Repetitive strain injuries plague far too many musicians, and I was one of them. These injuries tend to come at the most stressful times, before big performances and auditions, and last far too long. In my case, I was barely touching my instrument for five months leading up to graduate school auditions. Although problems did not go away immediately after auditions, I learned some valuable lessons that today allow me to play without pain. Here I hope to steer you toward some resources to help you achieve every musician’s goal – playing pain free.

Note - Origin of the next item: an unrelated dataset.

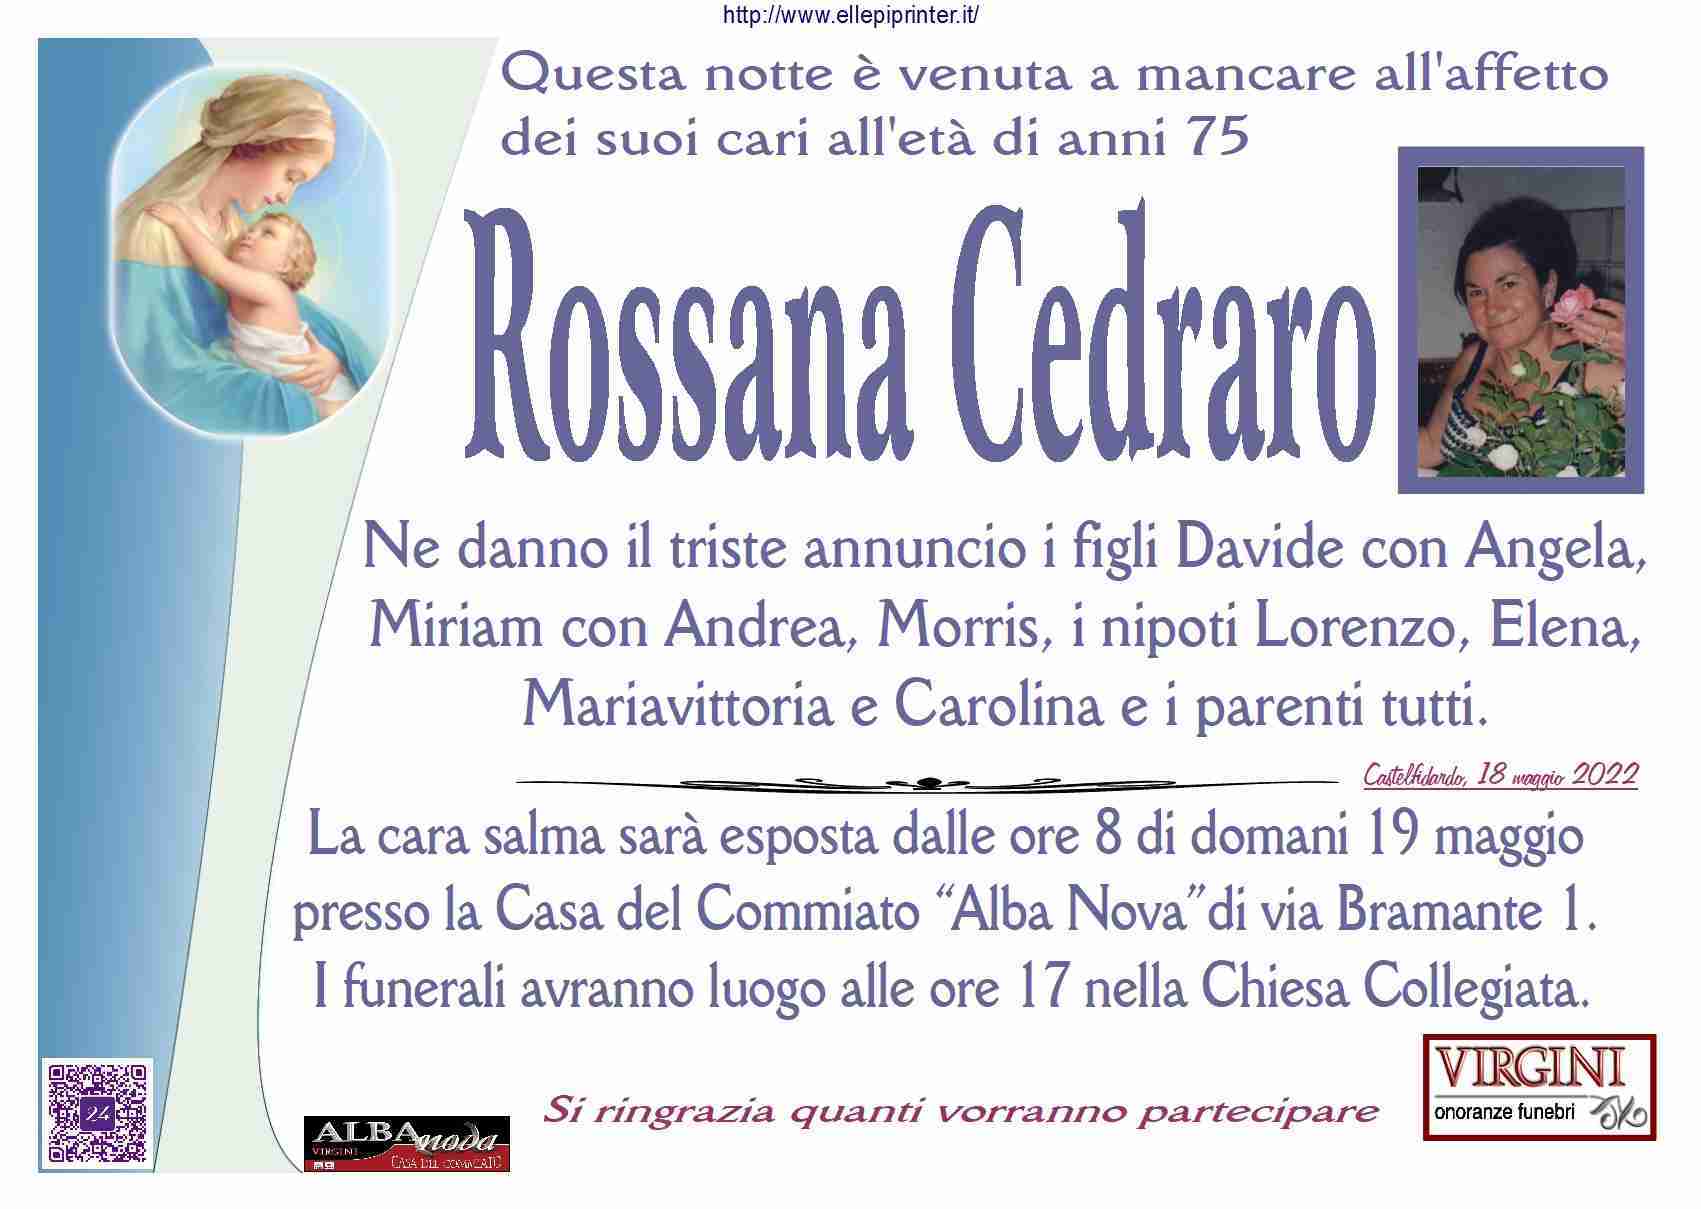 Rossana Cedraro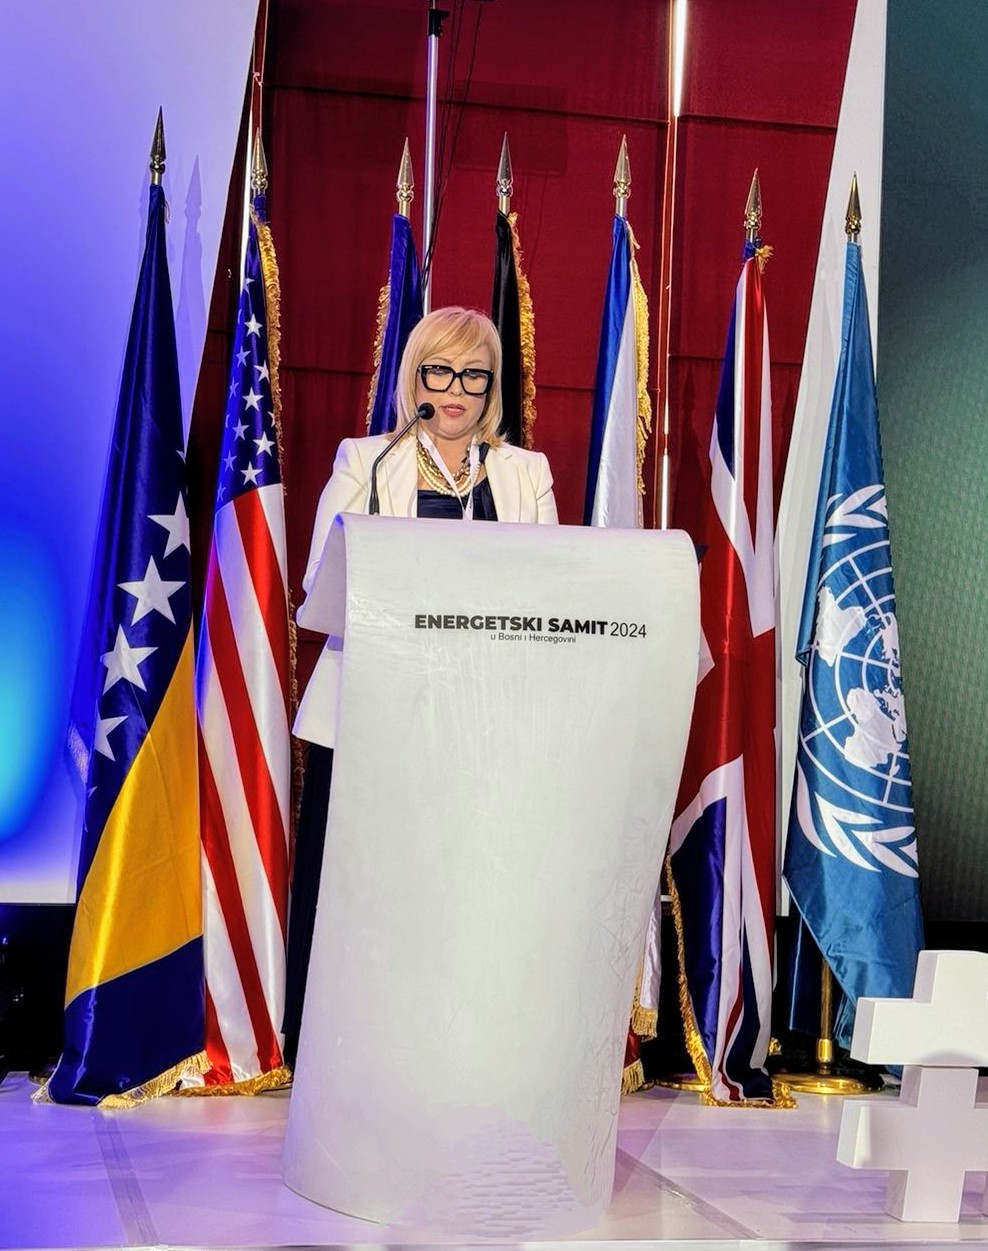 Picture for Gđa Ljiljana Lovrić, zamjenica ministra vanjske trgovine i ekonomskih odnosa Bosne i Hercegovine, otvorila Energetski samit 2024 u Bosni i Hercegovini (24. – 26. travnja 2024 u Neumu)

Let me begin by saying that I am not a doctor and am not qualified to give medical advice. Medical professionals such as physical therapists can help you determine steps you can take to avoid drastic measures such as surgery. One of those steps is warming up. My initial conception of warming up for cello was playing scales, and although scales are excellent for opening our ears, they are not enough. Perhaps you have heard musicians compared to “small muscle athletes.” With that in mind, we should warm up the same way athletes warm up, by stretching! I have recently begun to use a variation of these stretches from Kansas City Symphony cellist Allen Probus. Here is a demonstration along with his encouraging story of overcoming injury.
HEALTH & FITNESS
Being unable to do what we love to do for extended periods of time may be the result of physical pain, but such trauma can also result in emotional pain too. Lacking motivation to take care of yourself physically and mentally can result in poor diet and lifestyle choices that set back the already lengthy process of healing. Give your body every chance to heal by eating healthful food, staying hydrated, maintaining fitness without taxing already overstressed muscles, and getting adequate sleep. As I took care of my body I noticed improvement not only physically but also in terms of clear thinking and positive mental outlook.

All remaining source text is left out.